The easiest way to officially contribute this is if you could put the above code into tensorflow_decision_forests/contrib/xgboost_model_converter/xgboost_model_converter.py and open a PR with this file. A bot will then prompt you to sign the Contributor License Agreement, see https://github.com/google/yggdrasil-decision-forests/blob/main/CONTRIBUTING.md . You (or your employer) retain the copyright to your contribution, this simply gives us permission to use and redistribute your contributions as part of the project.

Please let us know if there is any issue with this process.

jiazou-bigdata commented 2 years ago

@rstz Thank you so much for the guidance. Will do!

jiazou-bigdata commented 1 year ago

@achoum @rstz @janpfeifer,

Hi, I hope this message finds you well.

Recently we finished a benchmark study of more than ten decision forest inference platforms on eight diversified datasets using different number of trees (10, 500, 1600) and different forest algorithms (RandomForest, XGBoost, LightGBM) on CPU and GPU. You can find the study here.

We also considered TFDF and Yggdrasil in single-thread comparison (Table 10 in the paper). It showed that the single-thread performance of Yggdrasil (using the QuickScorer algorithm) outperformed most of other platforms!

(We didn't consider TFDF and Yggdrasil in other multi-threading comparisons, because it seems as to this point, there is no knob to fully parallelize the inference process in Yggdrasil to make it a fair comparison.)

If possible, please do not hesitate a moment to let us know if you have any questions or suggestions for our study.

Thank you!

janpfeifer commented 1 year ago

hi @jiazou-bigdata , thanks for sharing the results, the paper is super interesting, and I'm looking forward to learning more about netsDB -- as I understand it, it's a great thing when computation should move closer to the data whenever possible.

About the multi-threading: it's a long standing TODO for us to implement the model parallelism -- data parallelism is easier achieved by the client, since our library is re-entrant.

In part because our clients are either (1) very latency conscious -- in which case they usually use small models (<100 trees, usually inference < 1 microsecond) and the overhead of parallelism may not pay off(?) -- or (2) they don't care, and they are more interested in throughput, in which case data parallelism (separate threads doing inference in separate batch of examples) is simpler and efficient.

GPU is also something we have some experiments with ... we haven't yet invested because of we haven't seen the need from clients. I'm assuming netDBs would run on servers with GPUs and would benefit from it, is that correct ?

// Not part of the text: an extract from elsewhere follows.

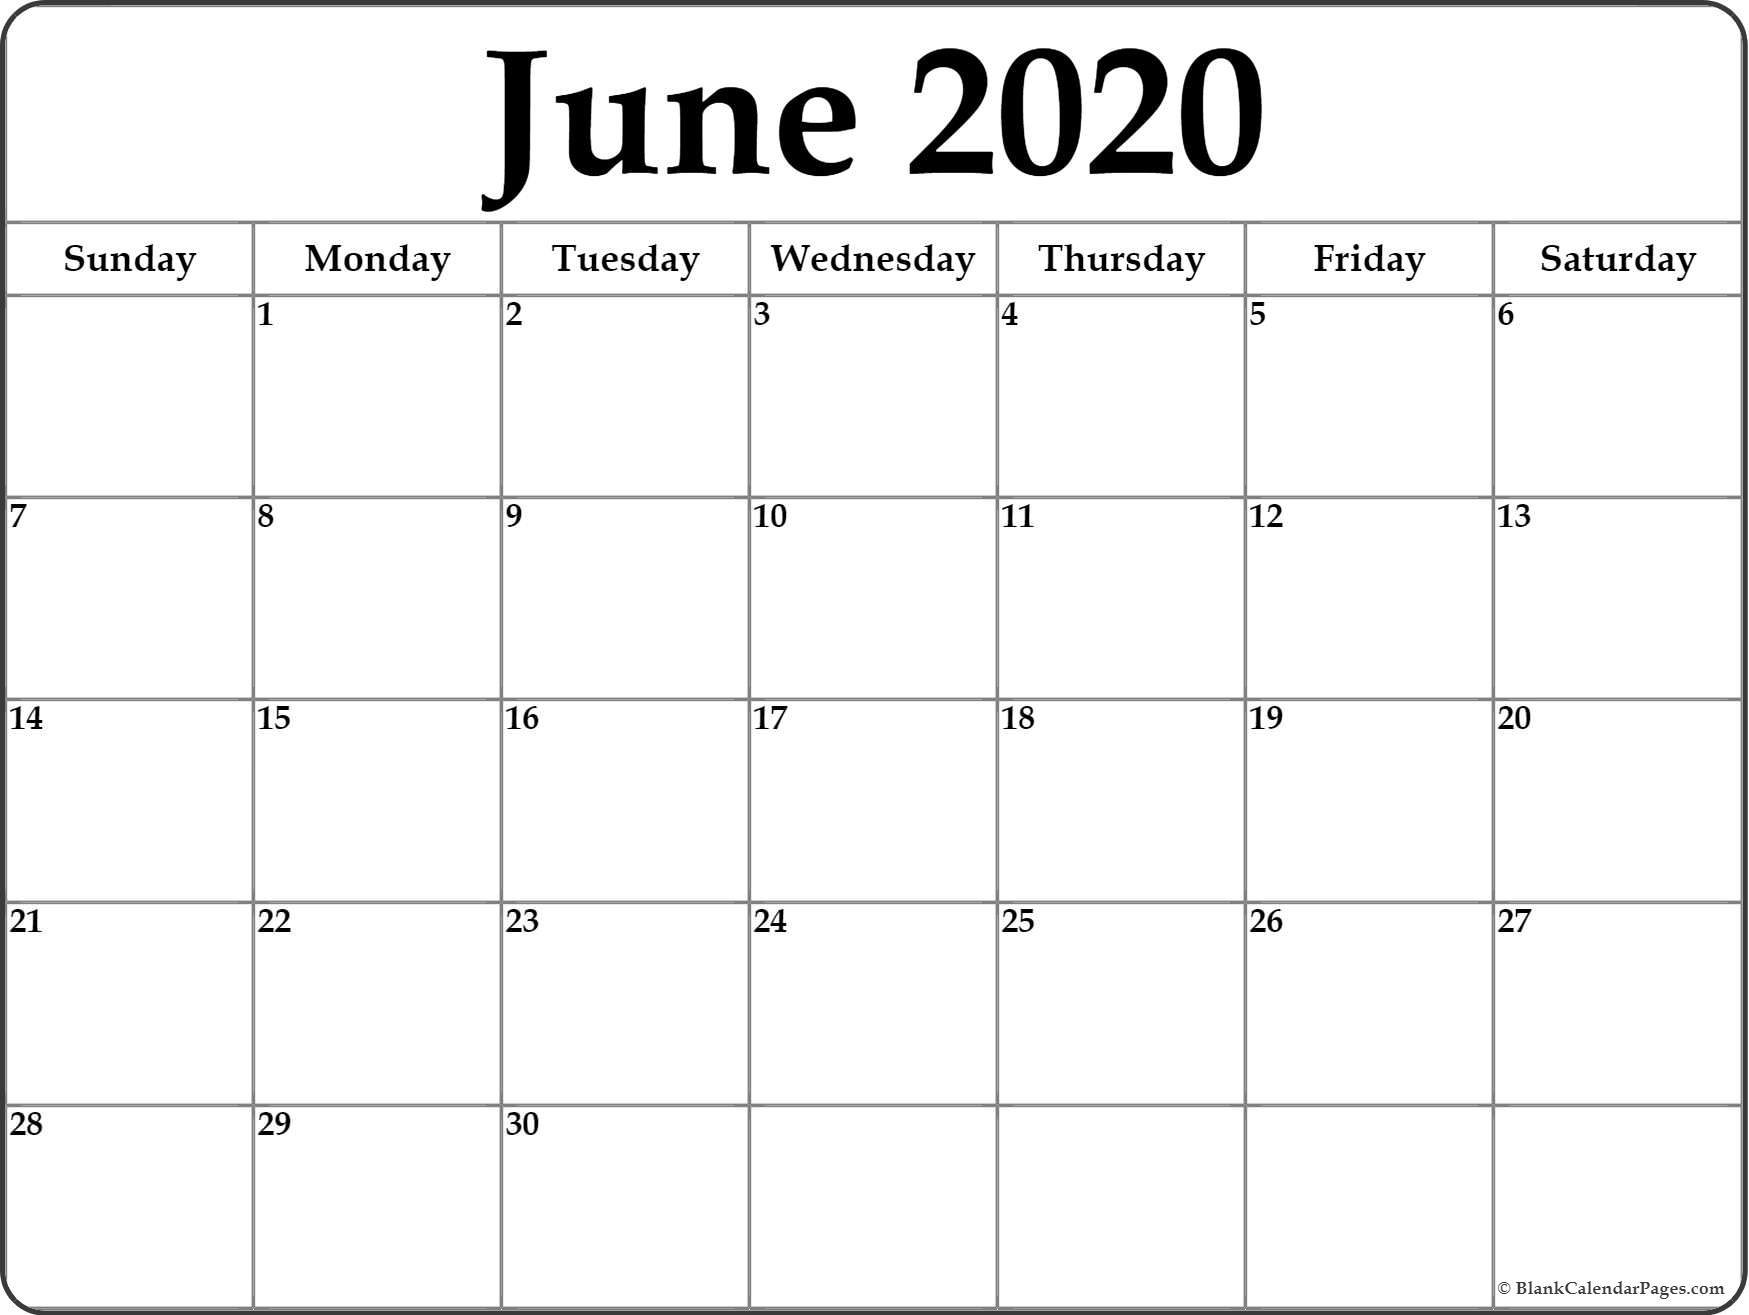 June 2020 Calendar | Free Printable Monthly Calendars-July 2020 Large Claendar Template

Btw, one suggestion for the study: what about an additional table on throughput (as opposed to latency) ? Specially for the larger models ... Given a fixed hardware, how many inferences/second can one get through ... For our use cases this is often more relevant (and the same may be true for many use cases of netsDB, no?)

cheers, and again thanks for sharing! This motivates us to improve it even further.

ps.: And btw, let us know if you find out special cases that could be really important (help lots of folks), that would guide our optimization efforsts.